|Distance:||28.4 miles (45.7 km)|
|Meets:||A631, B1403, B1396, M180, A18, B1392, A614, M62|
|Old route now:||A614|
|Route outline (key)|
The A161 is a largely rural A-road in the east of England.
Beckingham – Goole
The road begins at a roundabout at the western end of the A631 Beckingham bypass and heads north, bypassing the village to the west. Like other roads in flat, estuarine country there are lots of bends and meanders to accommodate various waterways. We cross the Isle of Axholme which is very reminiscent of the Fens and pass through the villages of Misterton, Haxey and Burnham before arriving at Epworth, the birthplace of John and Charles Wesley, the founders of Methodism.
After that there is pretty much more of the same. Crossing the M180 at junction 2 we go into even flatter land in the area of the Humber. After passing through Crowle and Eastoft we reach the River Ouse (one of the Humber's tributaries) at Swinefleet and run alongside it upstream into Goole. The road runs round the town on a new relief road, Tom Pudding Way, to join the A614 at its interchange with the M62.
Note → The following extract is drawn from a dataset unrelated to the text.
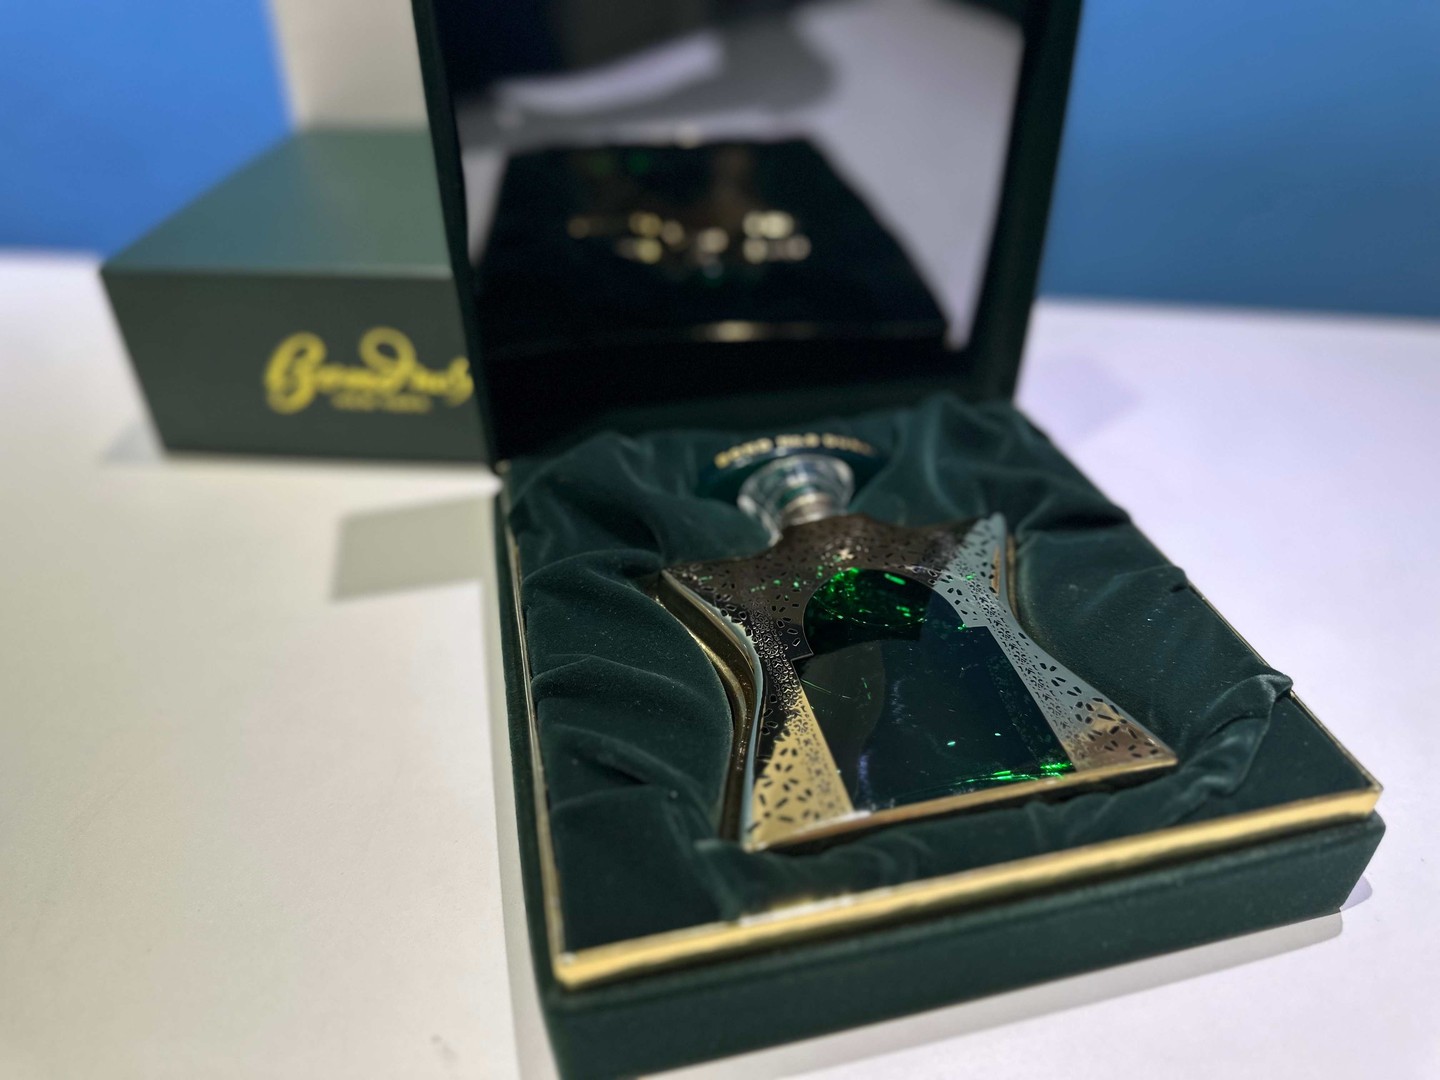 joyas, relojes y accesorios - Vendo Perfume Bond NO.9 DUBAI EMERALD 100ML Nuevo, Original, RD$ 19,500 NEG 0

Originally the A161 started on the A18 to the south of Crowle and headed north along its current route to Goole. At that time it was the only Class I road in the town and so it then continued westwards via Rawcliffe to end on the original route of the A614 near East Cowick.
By 1932 the A161 had been extended south across the Isle of Axholme to Beckingham, taking on the whole of the B1187 in the process.
After being lengthened, the road was then shortened in 1935. The A614 was diverted at its northern end to Howden (and beyond) rather than Selby, thus taking over the whole of the A161 west of Goole. Bypasses aside, this is the current route of the road.